The Status of all threads submitted within the past 7-days is shown in the  *Thread Status Report.  *The status report will indicate if your thread posted or not, and if not, the reason it didn't post.

If your thread was validated but you can't find it, please note that due to the volume of new threads each day, combined with older threads being bumped, it's not uncommon for threads to drop to the second page quickly. Be sure to check all appropriate pages of the forum.

If the status report shows your thread was validated, do not make additional thread submission. Subsequent submissions will be rejected if there is already an *Active Post *(coded AP) already on the board.

*Please allow up to 24 hours for your thread to be validated and to appear on the board or in the Status Report.*
*
NOTE:  If your thread is rejected (not validated), it is removed from the Moderation Queue and no one will ever see it.  You will NOT be notified that your thread did not pass validation.  You can check for yourself on the Status Report thread mentioned earlier.*

Rent/Trade posting requirements are clearly explained in the several 'sticky' Informational Posts at the top of the board.  This is required reading *BEFORE *posting to the board.  Failure to plan and post correctly on your part will result in your thread never being validated and posted.  

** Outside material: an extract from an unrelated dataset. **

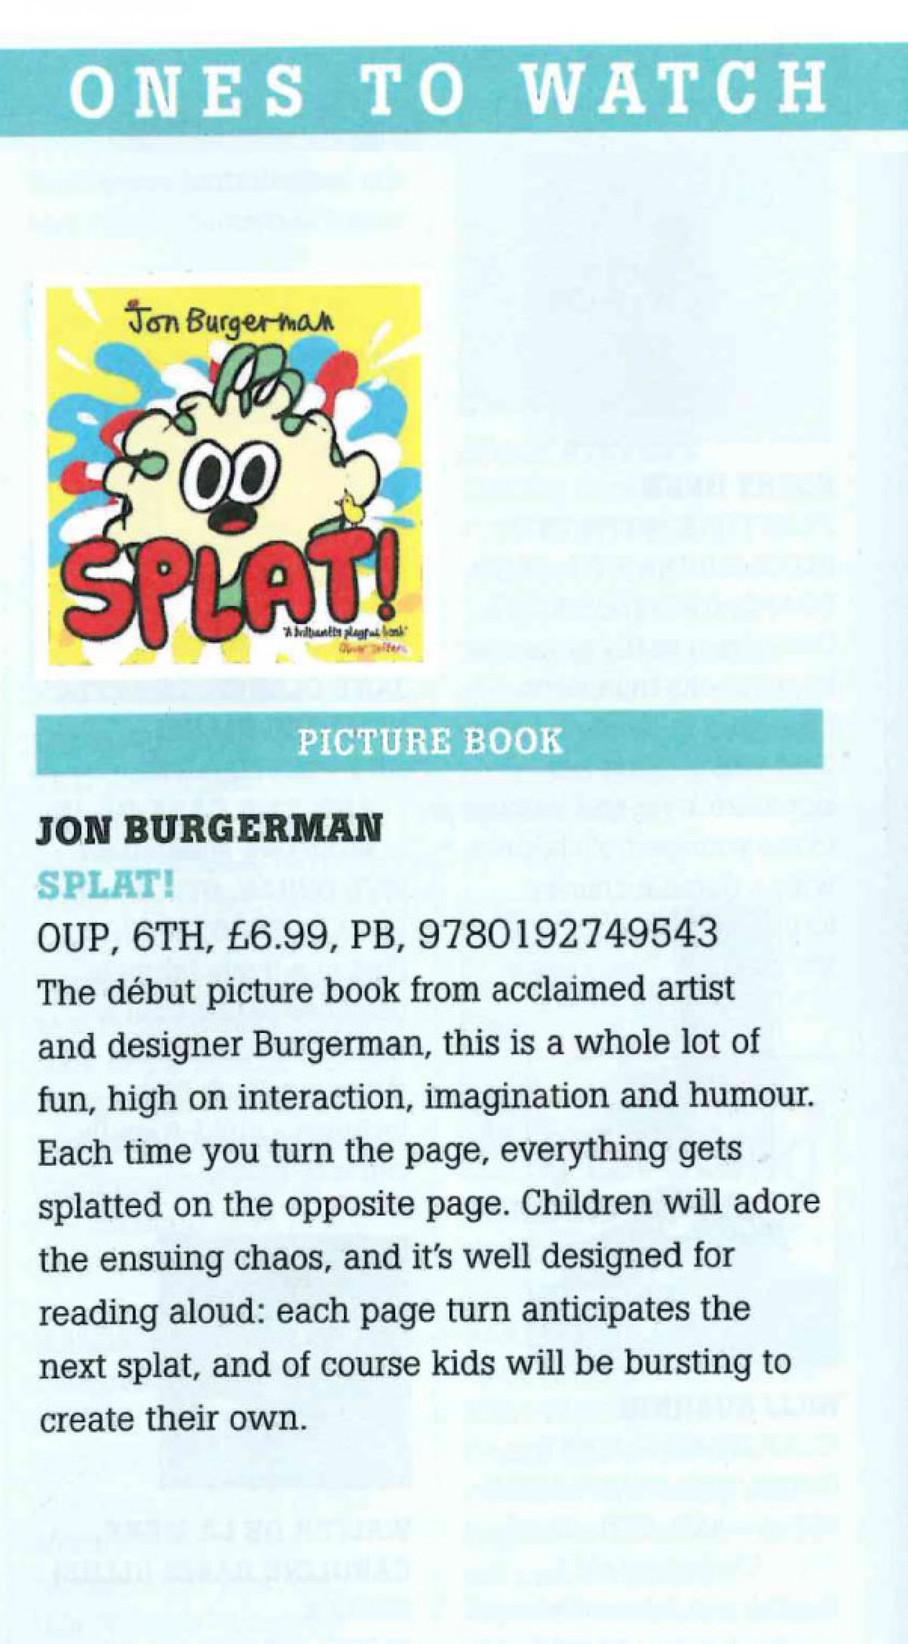 press-splat-in-bookseller_d56e88be2b8cbf

The majority of threads that are not validated fail because they do not meet the Title Lead-In requirements.  You can check the Lead-In title requirements *HERE.  *
* NOTE: Lead-in titles are checked automatically by software and automatically rejected if they do not match one of the approved lead-in's, so be careful not to make any typing or spelling errors.*  Example: "Points for Rent:" would be validated, but "Pointsfor Rent: or Points for Reent" would not.  _One of the most common 'bad titles' errors is using the word 'Needed' instead of 'Wanted', for example saying "Reservation Needed" which is not an approved title instead of using "Reservation Wanted" which is an approved title._

There are also other additional posting requirements that will cause a thread to fail validation.  These include how many confirmed reservations you may offer for rent, how far in advance you may offer them, and how many total you can list within any specific calendar year.

*Once your thread has posted, you must maintain it.*  Full requirements are explained in the board's *Posting Rules.  Failure to maintain your thread will result in it being locked.  Once a user has two threads in the same category group locked for non-maintenance, they may no longer post a thread within that same category group for the remainder of the calendar year.  Subsequent submissions are coded Lock Limit (LL) and will not post.*

If you need to ask about your submission, send a PM to one of the Rent/trade board moderators listed.  *Do Not *send a PM to the OP of this thread ("The DVC R/T board") as that is not an actual person and PM's to that 'address' are not monitored.

*Reminder: Before sending a PM to one of the moderators, if you made a thread submission within the past 7 days, be sure to check the 'sticky' Status thread which shows which threads passed validation and posted, and which did not.*


----------